→ To do:
Once you find the line containing "BLACK Smocked Puff-Sleeve Dress, image 2", set down exactly that line and every one after it through the end of the listing below, with both ends included and any pictures omitted.

→ Data extract:
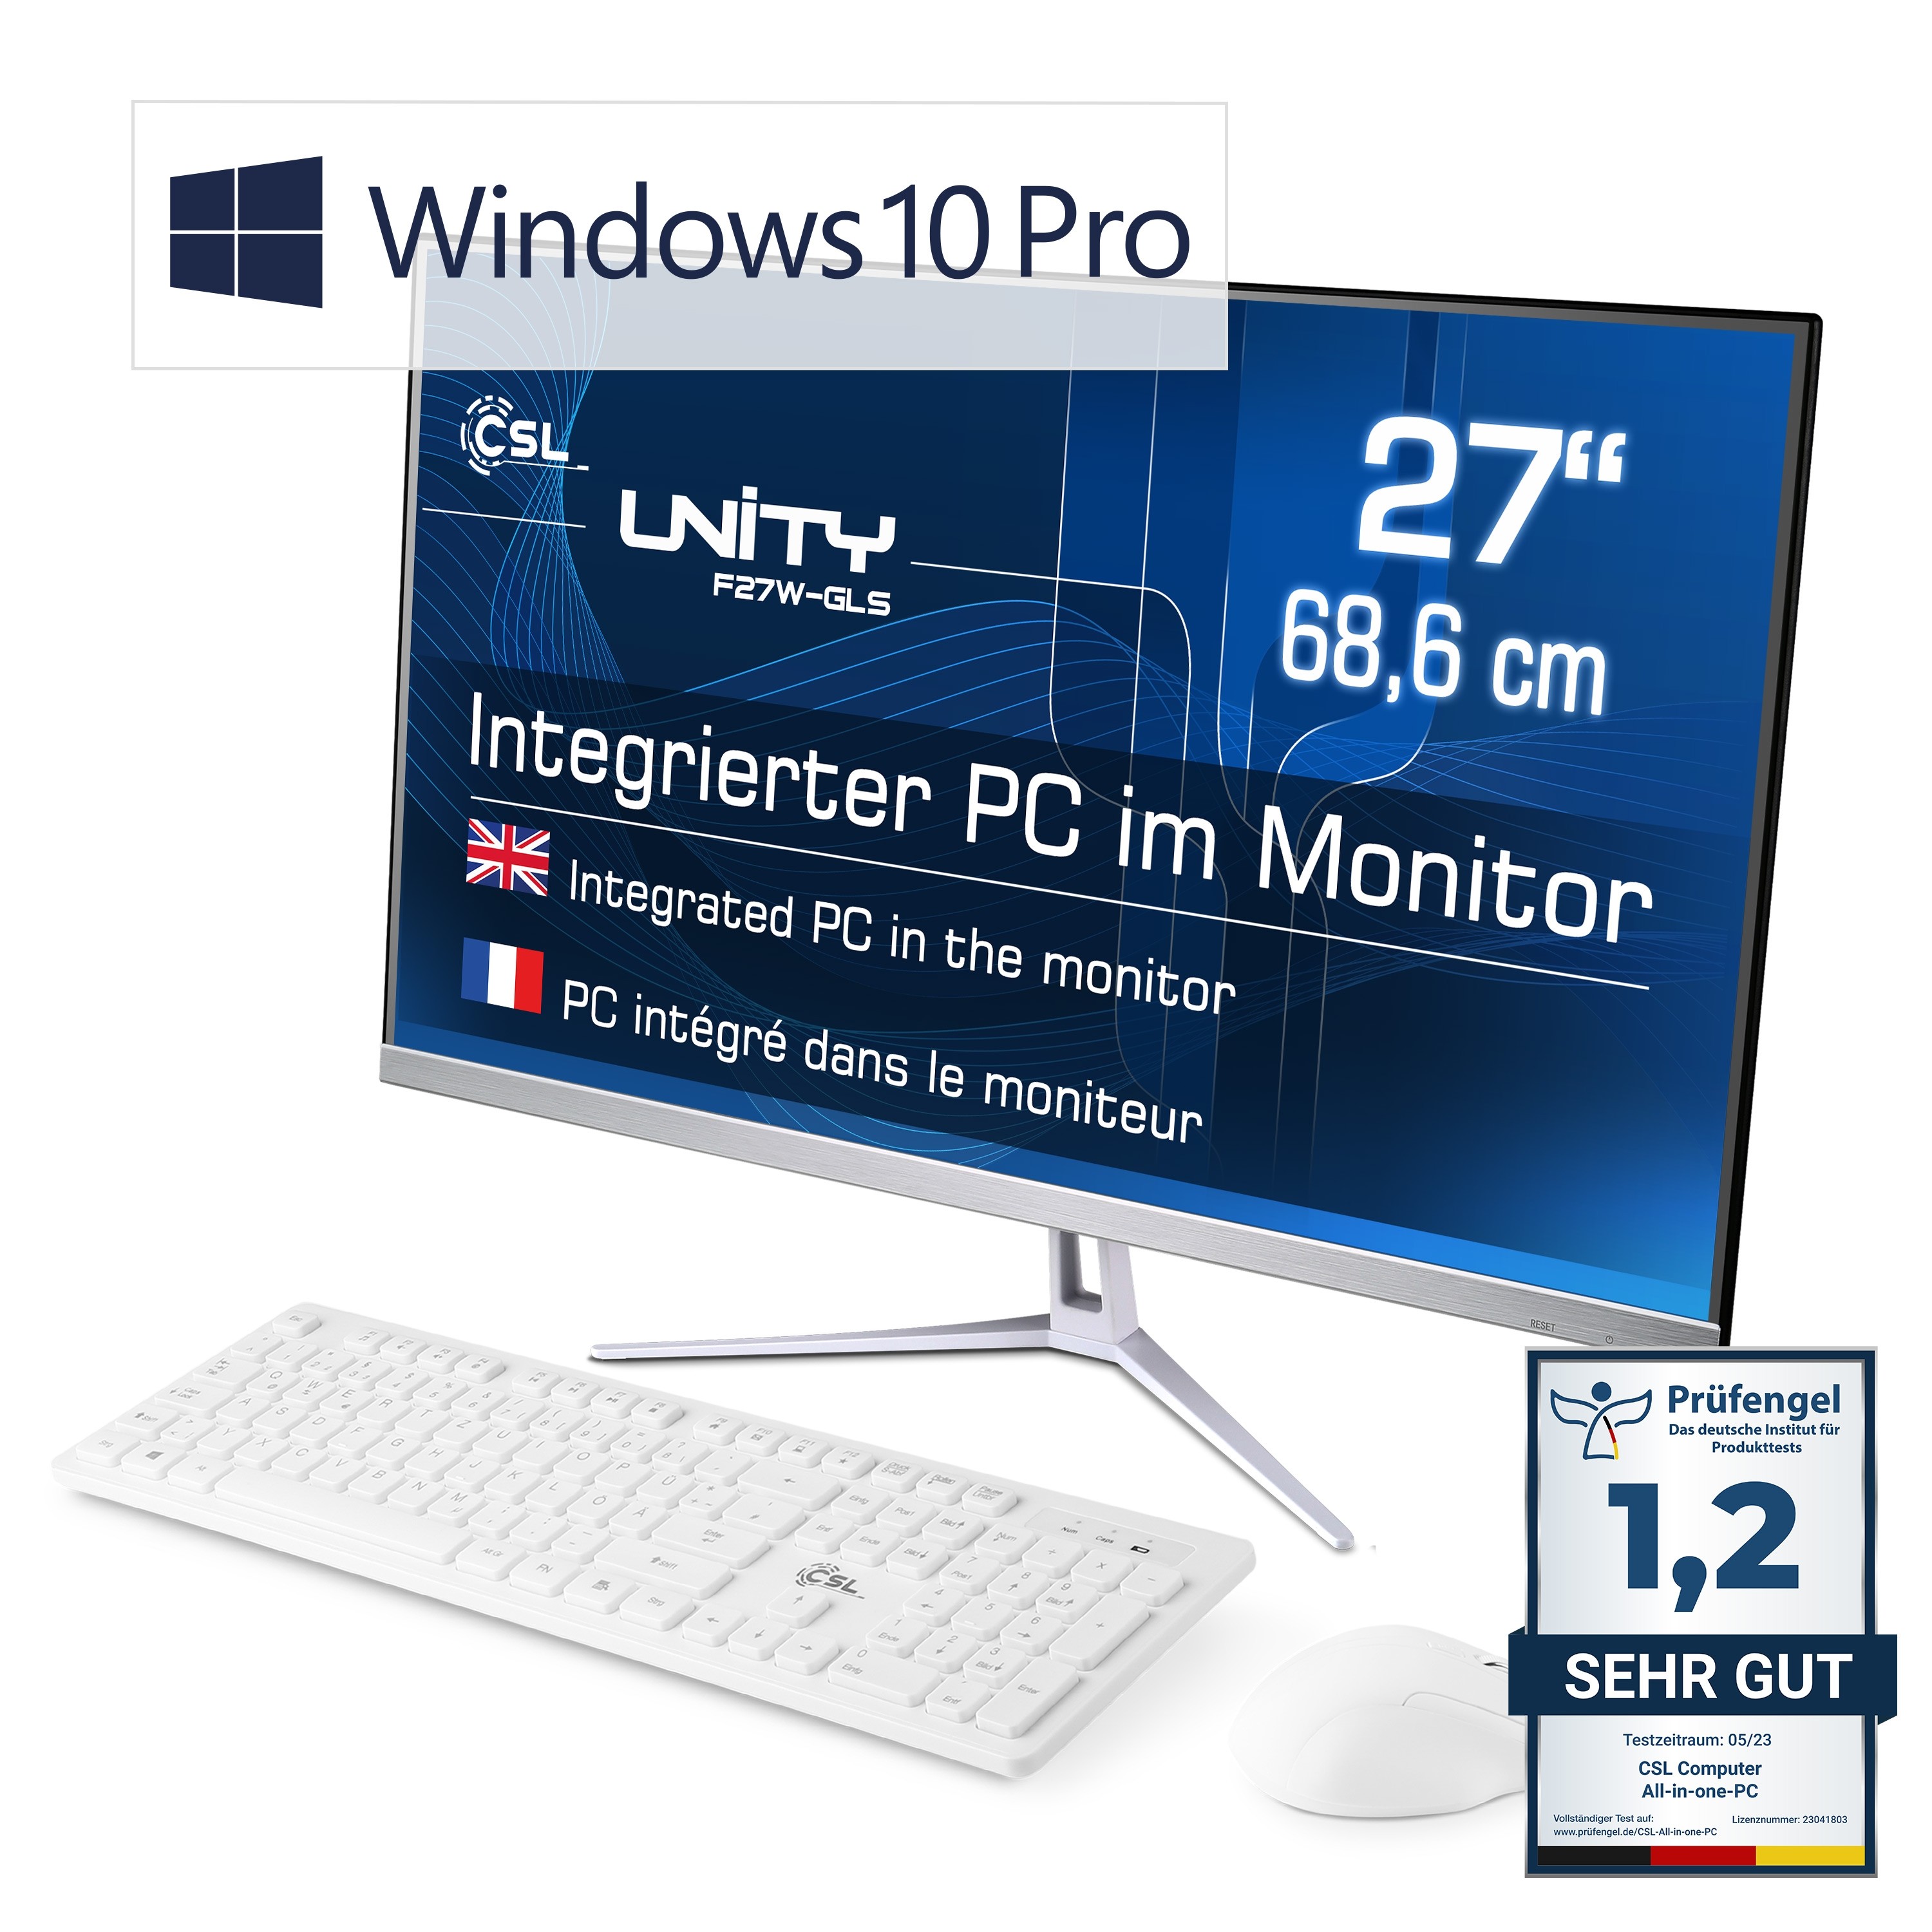 CSL Computer | All-in-One-PC CSL RAM Unity Pentium 10 / Windows 512 / GB 16 / Pro F27W-JLS GB
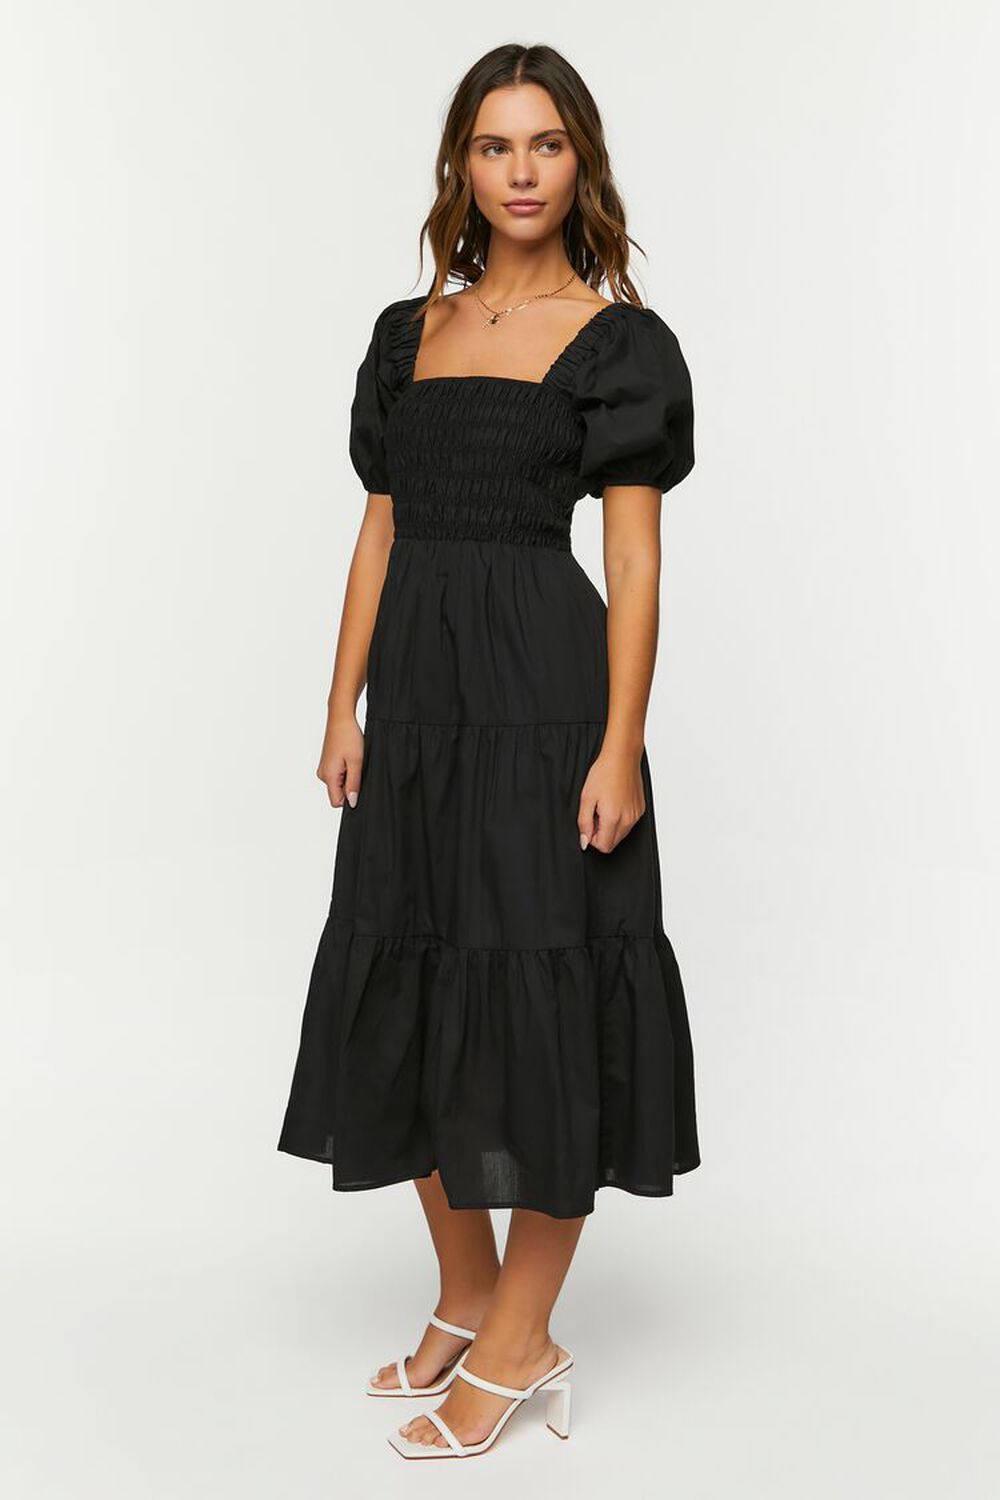 BLACK Smocked Puff-Sleeve Dress, image 2
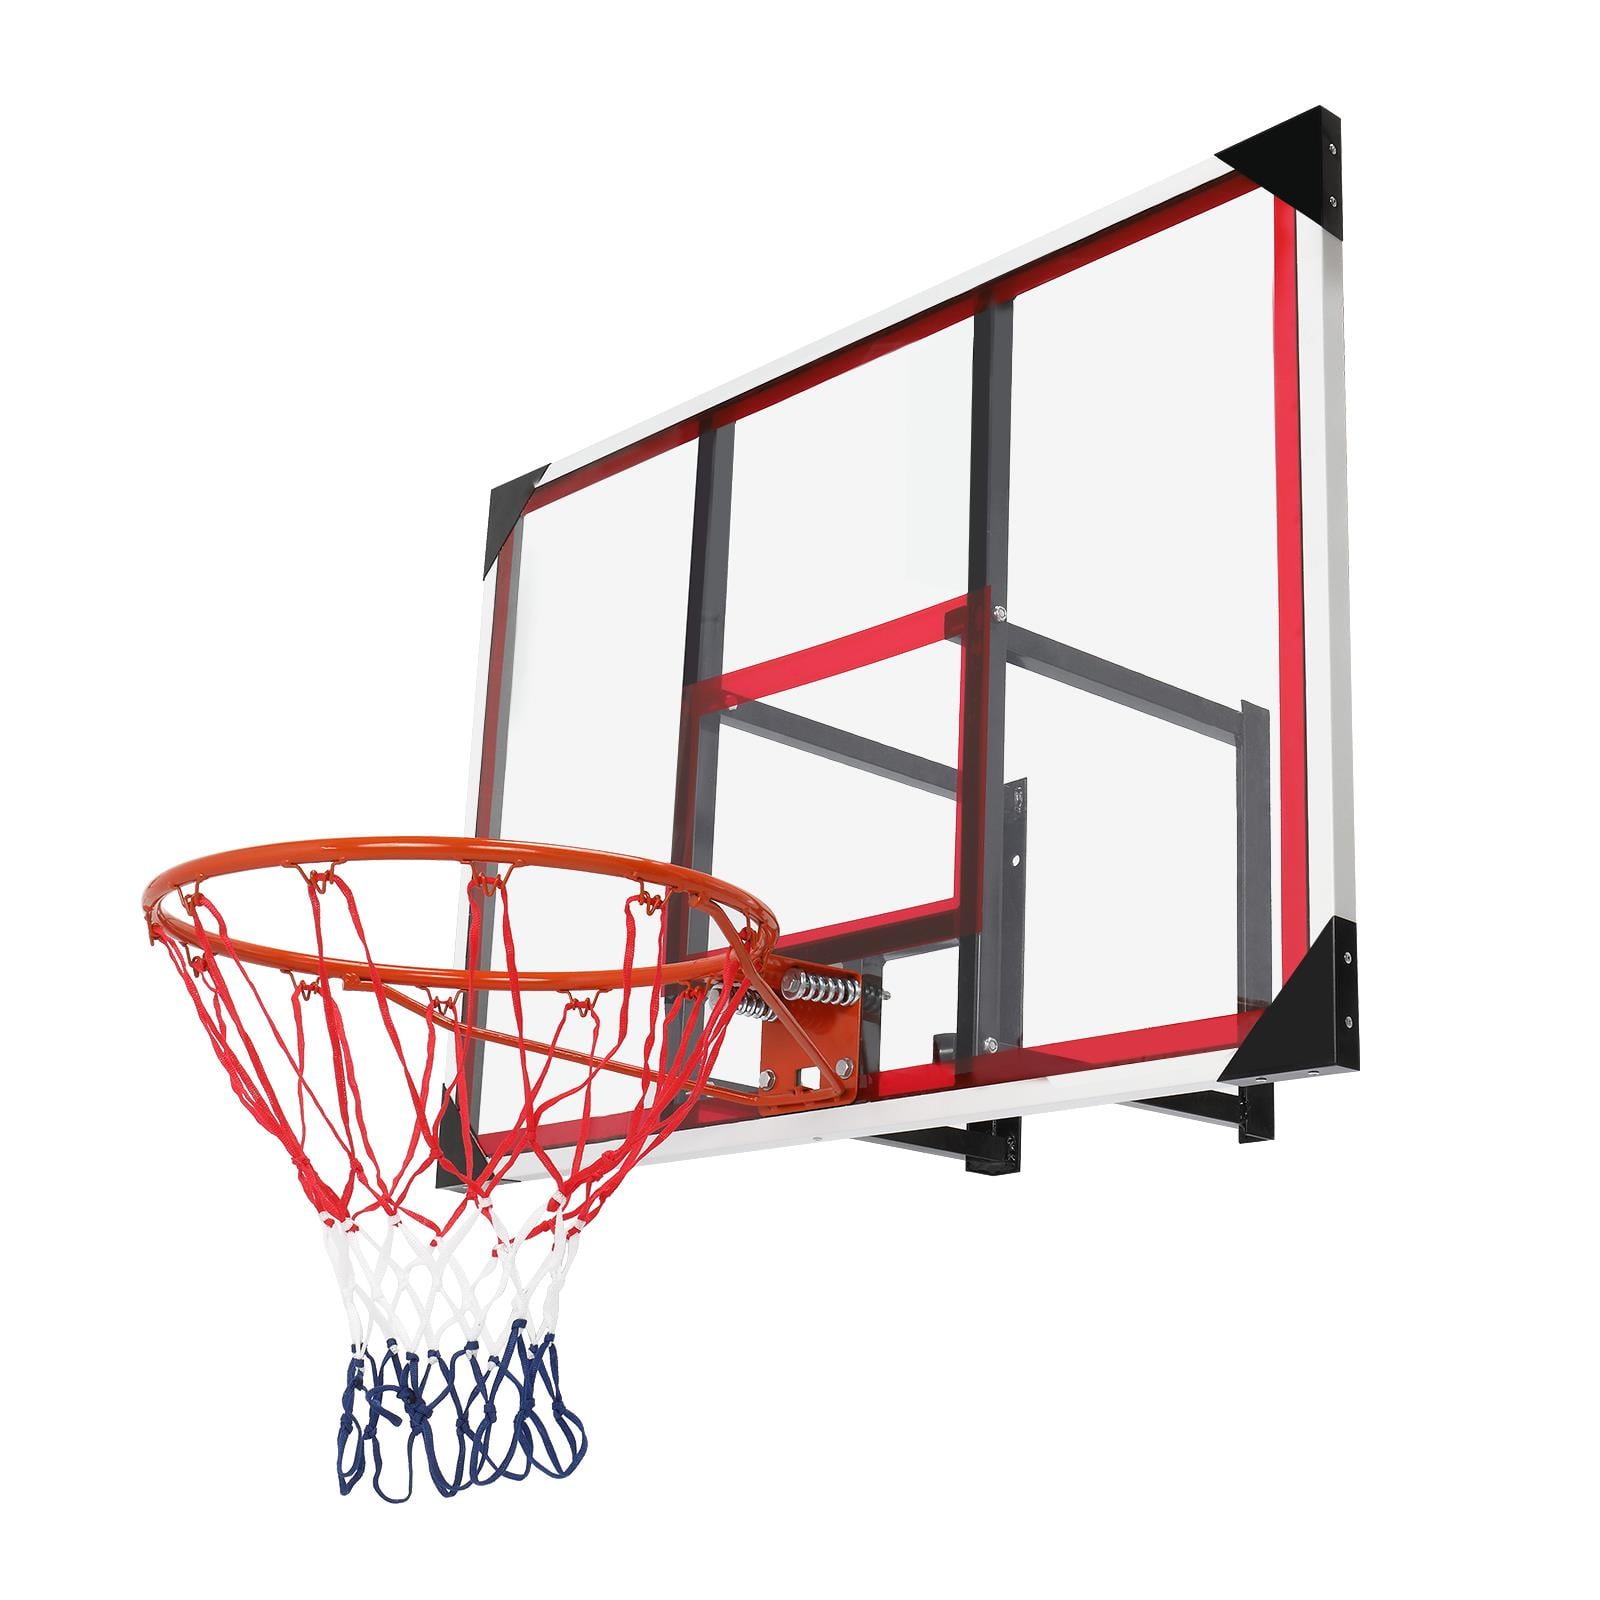 Winado 44'' Basketball Backboard, Wall Mounted Basketball Hoops

→ Solution to the problem:
 BLACK Smocked Puff-Sleeve Dress, image 2
 Winado 44'' Basketball Backboard, Wall Mounted Basketball Hoops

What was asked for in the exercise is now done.